Di sinilah dilema itu tumbuh. Bertahan di pekerjaan yang menyiksa, atau keluar demi kesehatan jiwa namun berisiko menggoyahkan stabilitas rumah? Artikel ini akan membawamu menyelami tekanan emosional sandwich generation, menjelaskan kenapa dilema ini valid dan nyata, dan menghadirkan panduan psikologis dari pakar internasional untuk membantumu membuat keputusan yang paling sehat, bukan hanya untuk keluargamu, tapi juga untuk dirimu sendiri.
Sandwich Generation: Terhimpit Dua Dunia
Istilah sandwich generation pertama kali dikenalkan oleh seorang pekerja sosial dan profesor asal Amerika Serikat, Dorothy A. Miller pada tahun 1981, untuk menggambarkan individu yang secara bersamaan harus mengurus orang tua yang menua dan anak-anak yang masih bergantung secara finansial maupun emosional.

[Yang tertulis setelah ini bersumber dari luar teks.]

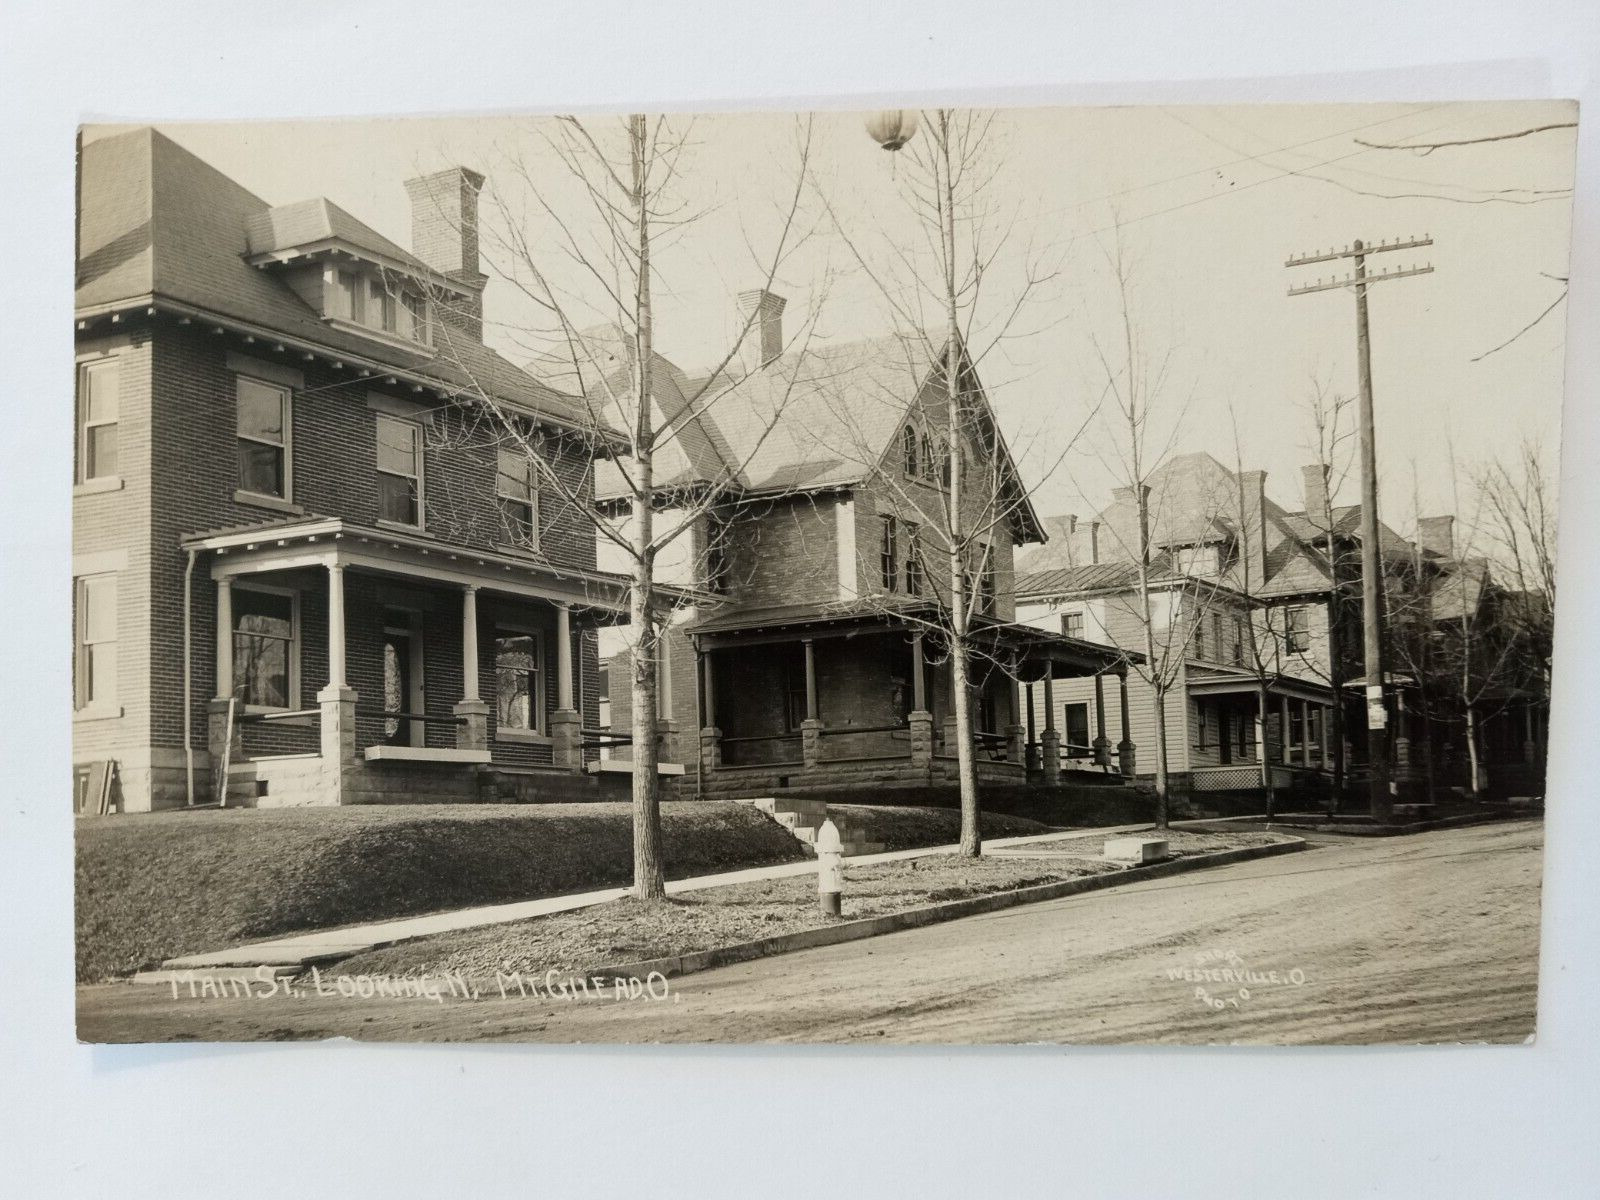 MT GILEAD OHIO REAL PHOTO POSTCARD 1910 MAIN STREET SHORT PUBLISHER WESTERVILLE
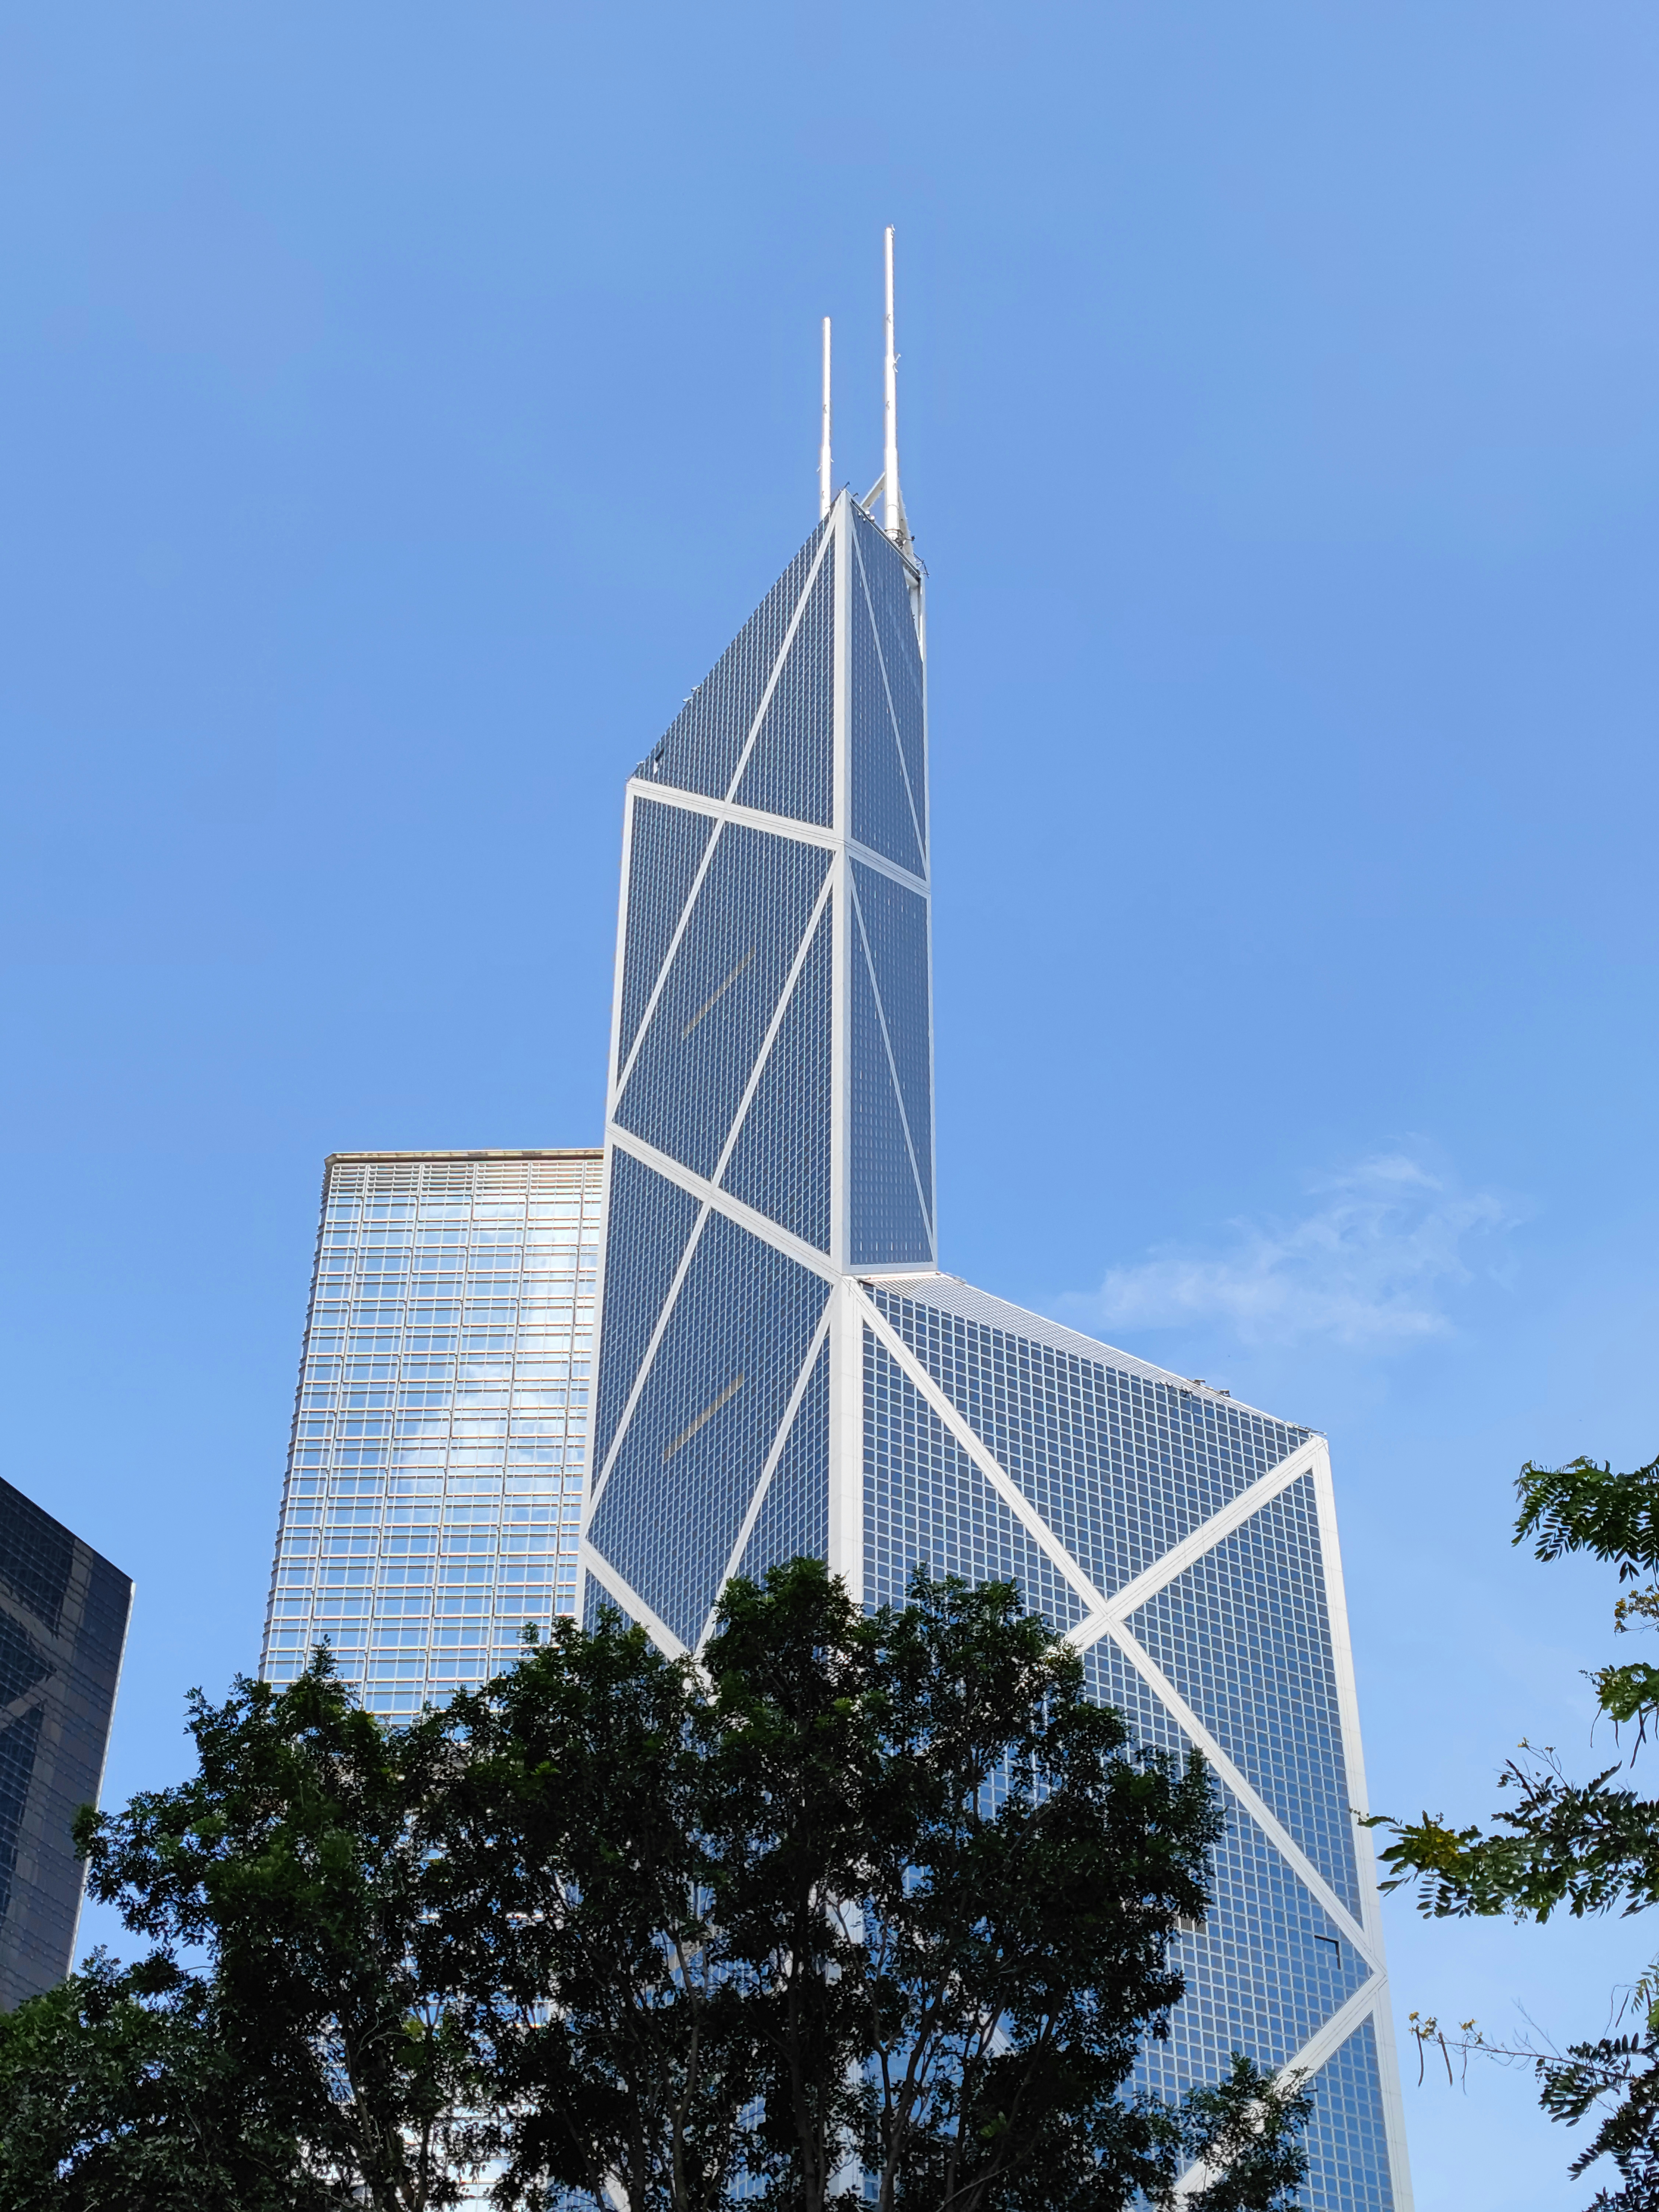 The iconic Bank of China Tower in Central District, Hong Kong, designed by the renowned Chinese architect Ieoh Ming Pei (貝聿銘). The design of this building resembles the structure of a bamboo tree. Pei was also the architect who built The Louvre Pyramid (i.e. entrance) of the Louvre Museum in Paris. The photo was taken at the entrance of Hong Kong Park.

Di Indonesia, kondisi ini makin terasa di usia 30–40-an, ketika karier sedang diuji, tanggung jawab rumah tangga menumpuk, dan kebutuhan keluarga semakin mendesak.
Beban sandwich generation adalah keterjepitan itu datang dari dua sisi yang sama-sama kamu cintai. Kamu tidak hanya sibuk menghidupi keluarga, tapi juga memikul harapan yang datang dari dua generasi—ke atas dan ke bawah. Dan itu bukan hanya perkara uang. Ini tentang kehadiran. Tentang menjadi andalan yang tak boleh goyah, bahkan ketika kamu sendiri sebenarnya lelah.
Psikolog klinis asal Inggris, Dr. Julie Smith, menyebut kondisi ini sebagai bentuk chronic emotional load, yaitu tekanan emosional jangka panjang yang mengikis daya tahan mental.